Study participants will use the headset on the surface while performing a number of tasks, then repeat those tasks with variations while on the ISS. The company described the reason for the test as follows: has set itself a goal to become the standard for monitoring mental health in space.

While data collection is being done for various physiological measurements, such as heart rate, skin resistance, and muscle mass, there are currently no high-quality longitudinal data on neurological changes in extended space missions. Such information could be important in assessing daily plastic changes in the brain and predicting how the brain will adapt to long-term space travel.
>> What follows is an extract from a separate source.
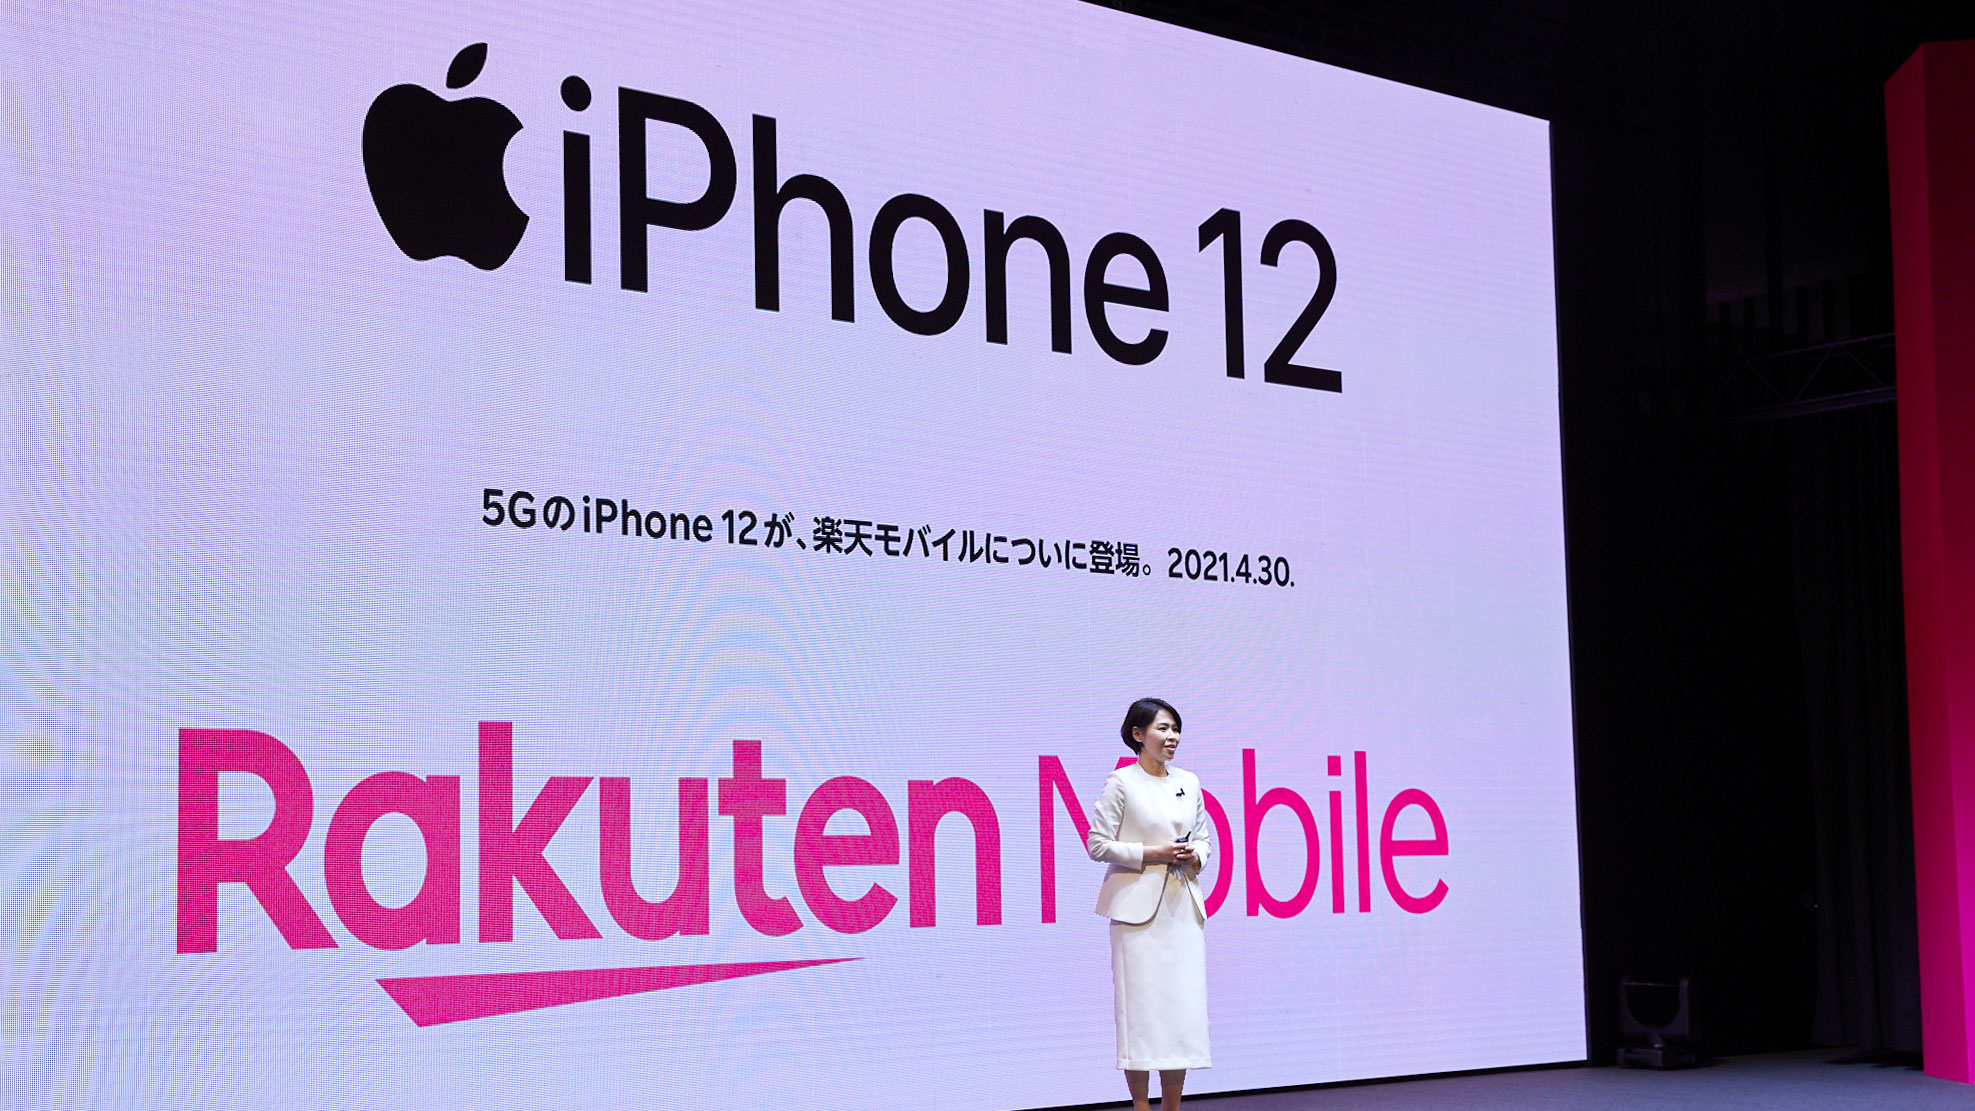 楽天モバイル、「iPhone」発売開始!

They’re not the first to come up with this, of course – NASA and other space agencies have been doing similar experiments for years, but as points out, it’s with decent equipment old. This is not only potentially a test of spatial cognitive function, but also a proof of concept that spatial cognitive function can be tested with little trouble. No one wants to lubricate their scalps for the weekly cognitive load test during their 3-month trip to Mars.

In addition to the headset and testing, announced it has raised an $8.5 million seed round led by Mangrove Capital Partners (no other participants named). Medical device R&D doesn’t come cheap, but there’s almost certainly a market for this in and out of remote health and performance monitoring systems. We should hear more about the specific pros of the headset as it goes into more public testing.